The creatures outside looked from pig to man, and from man to pig, and from pig to man again; but already it was impossible to say which was which.

8 Responses to Controlling Math Curriculum

  1. Greg Forster says:

    Note that this ecstatic celebration could apply regardless of what was being imposed – quack progressivism, racist jingoism, mandatory left-handedness – as long as something is being imposed:

    For the first time in our nation’s history, there is a high level of consistency regarding what’s taught in American elementary and middle school math classrooms. Fewer teachers appear to be closing their classroom doors and doing their own thing.

    God save us! Anything but horrible, horrible freedom and diversity!

  2. sstotsky says:

    Let me add to Ze’ev Wurman’s comments by saying it won’t be long before there won’t be any need to silence dissent. Few kids (maybe those homeschooled will be the happy few) will ever know what dissent is. http://newbostonpost.com/2016/07/01/the-curriculum-is-changing-once-again-without-public-discussion/

  3. Fordham and Ed Next doing away with comments? Guess it’s back to the days when Eduwonk wouldn’t allow comments on his arrogant blog because of the fear of “me too-ism” and generally ignorant comments from the hoi polloi. But even Eduwonk succumbed and allowed the voice of his inferiors to be heard. Sad to see Fordham and Ed Next elevating themselves to royalty and letting the little people enjoy seeing royalty play.

  4. Robert Craigen says:

    I wonder if there was a “high level of consistency” prior to the progressive education movement’s attempts to push & pull at the curriculum like a hot piece of taffy starting around 100 years ago. Seems to me that late 19th-century texts were pretty uniform in their expectations.

  5. Zeev Wurman says:

    That’s what the Committee of Ten and the SAT were trying to do, but only for kids applying to selective colleges. Voluntarily. And the expectations were quite broad rather than at the level of “thou shall teach triangle congruency using rigid motions.”
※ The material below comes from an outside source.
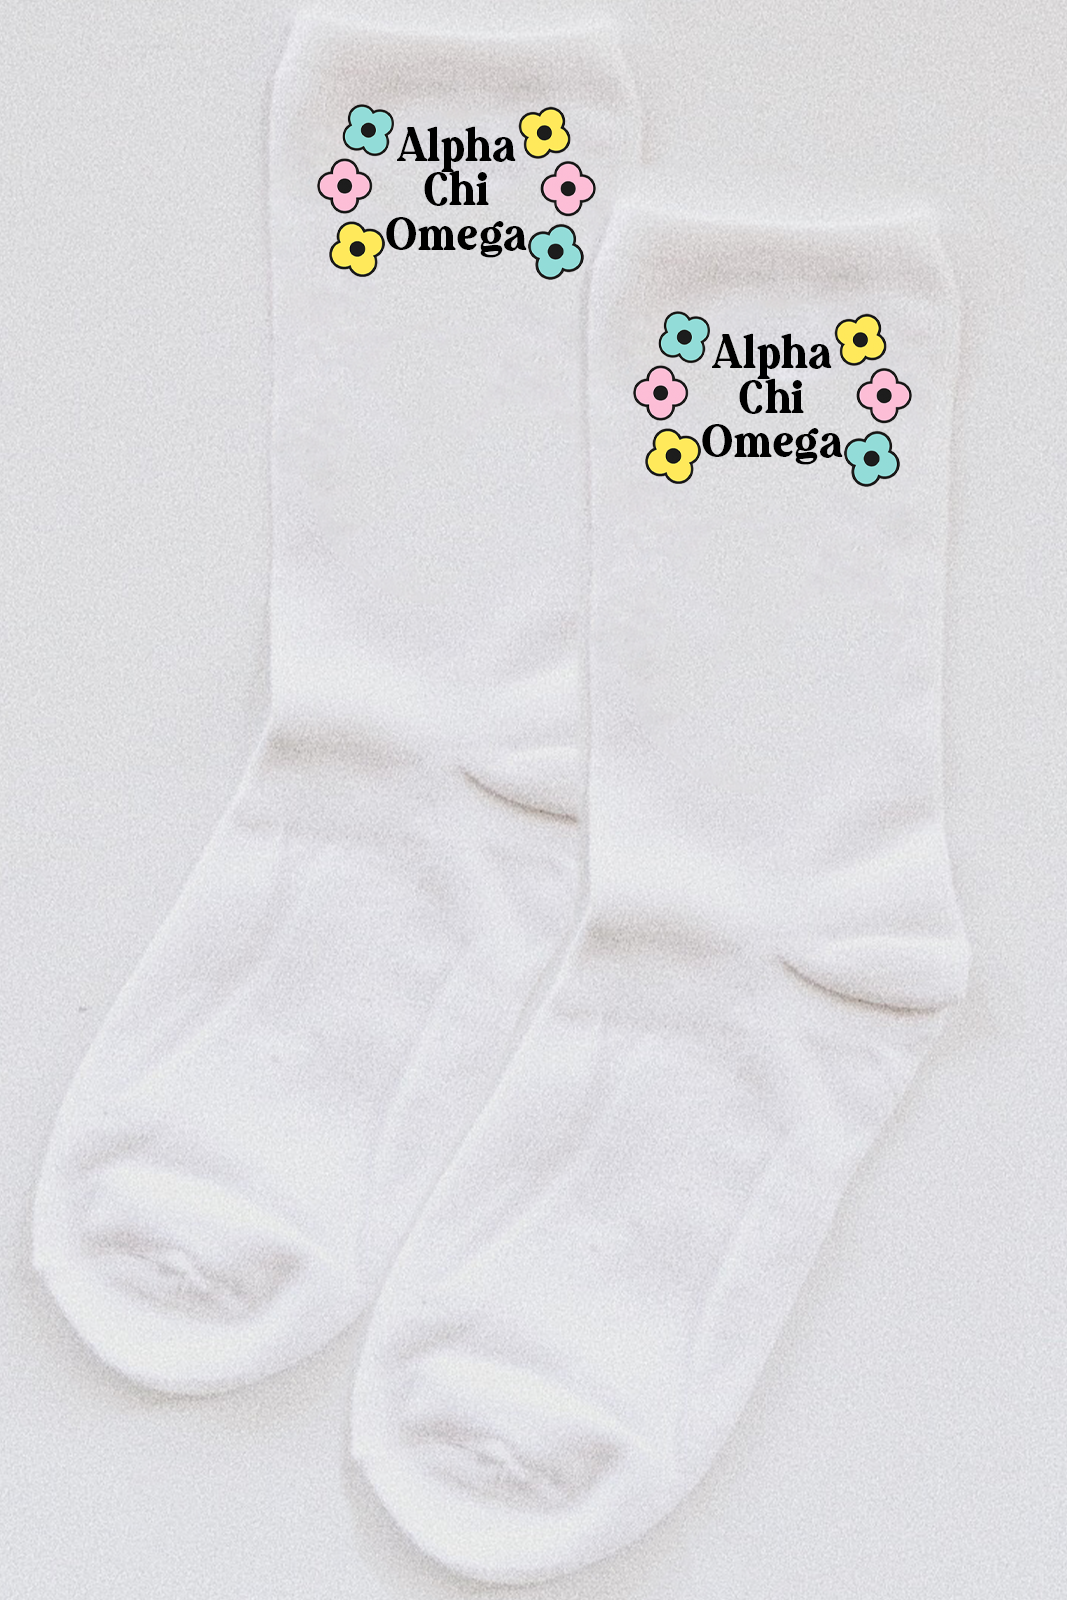 Alpha Chi Omega Flower socks - Spikes and Seams Greek

    There is nothing wrong in voluntary consistency driven by what is deemed best practices. There is something wrong when consistency in a “soft” area such as education is mandatory, and there is much more wrong when that mandatory consistency is based on ideology.

  6. sstotsky says:

    What we now have is a high level of consistency in low expectations for students in public schools, accompanied by a legal framework enacted by Congress, to make sure most students do equally poorly. That is the meaning of equity.